- Accueil
- Ouvertures
- À sec
À sec
Marcos Caramés-Blanco – Sarah Delaby-Rochette
MAX. – Y’a deux vaches qui ont explosé.
FAB. – Quoi ?
MAX. – Elles ont explosé.
Silence.
Face à une montée subite des températures, l’État décide de mettre en place un rationnement drastique de l’eau.
C’est lundi. Flo arrive dans un village au bout d’une route qui tourne. Elle y vient en tant que nouvelle propriétaire, décidée à commencer une exploitation maraîchère.
Comme habitant·e·s. il reste Fab et Max, qui dirigent la seule exploitation restante. Gigi, leur employée, possède une voiture qui ne roule plus et beaucoup d’insultes. Et puis la dernière c’est la doyenne, Mirèio. Le travail lui a peu à peu volé l’autonomie à son corps ; réduite à devoir regarder les autres s’activer depuis sa chaise, il lui reste la parole pour faire tourner son monde. Elle a vu naître le village et elle l’observe mourir, un fusil à la main.
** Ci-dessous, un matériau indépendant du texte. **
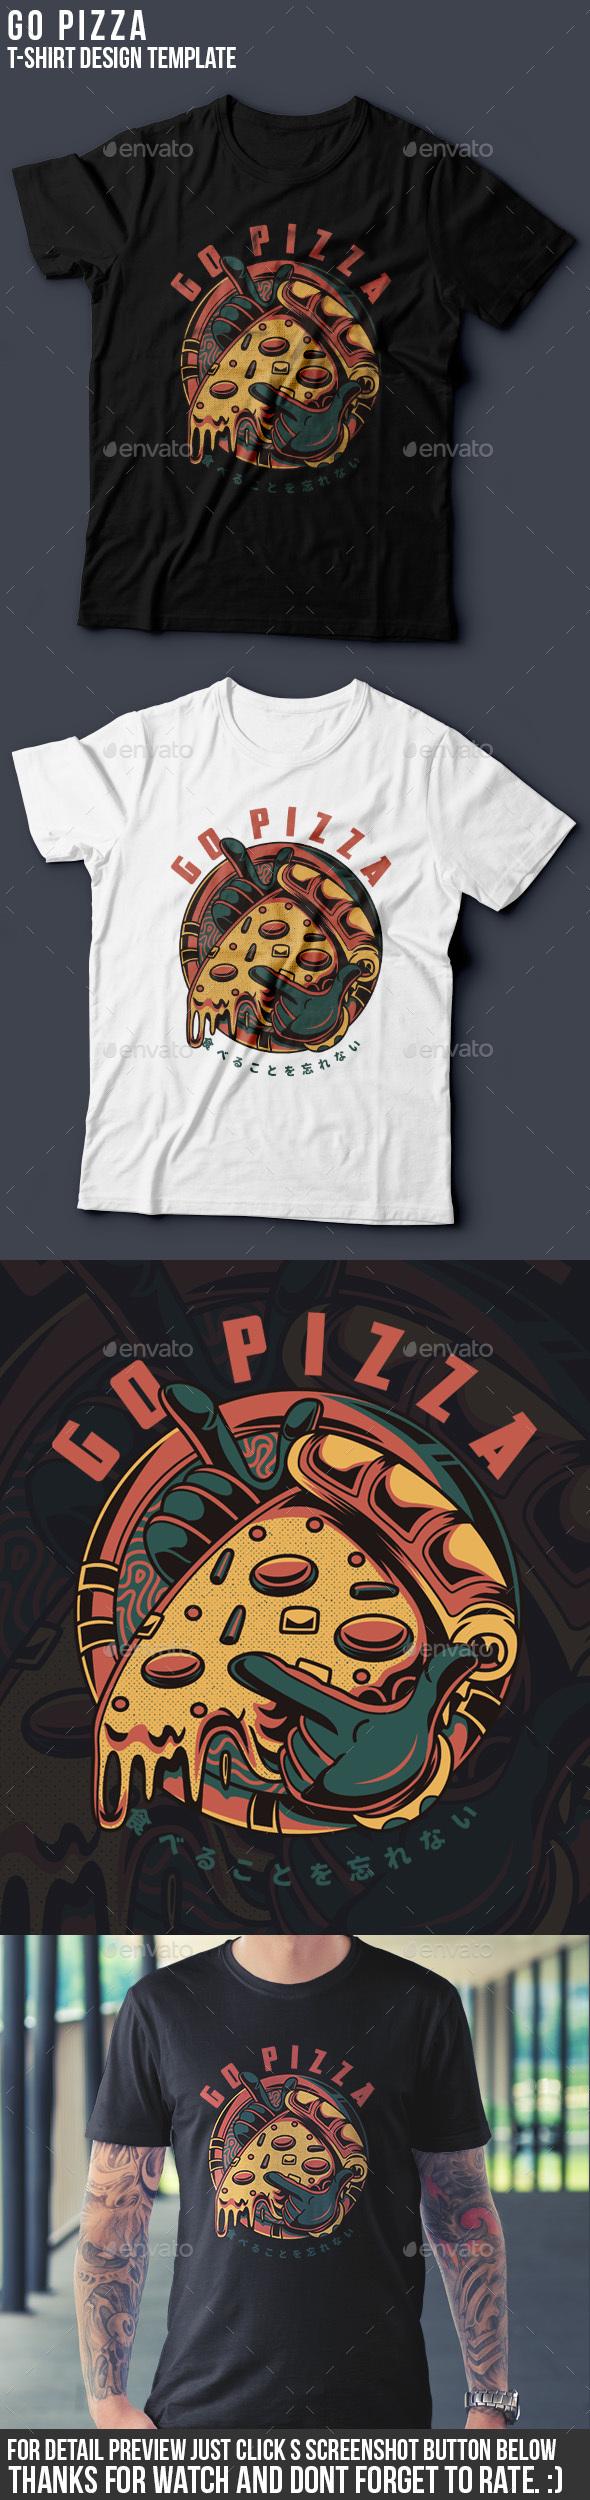 Go Pizza T-Shirt Design - Business T-Shirts

GIGI. – Toi tu le vois pas que c’est la fin parce que t’as pas vu le début.
A sec propose l’invention d’un réel juste à côté du nôtre. Empruntant aux codes du western comme du mélodrame, ces chroniques contemporaines construites en six journées comme six épisodes tenteront de raconter les derniers souffles combattifs d’un village qu’on exproprie après en avoir abandonné les êtres.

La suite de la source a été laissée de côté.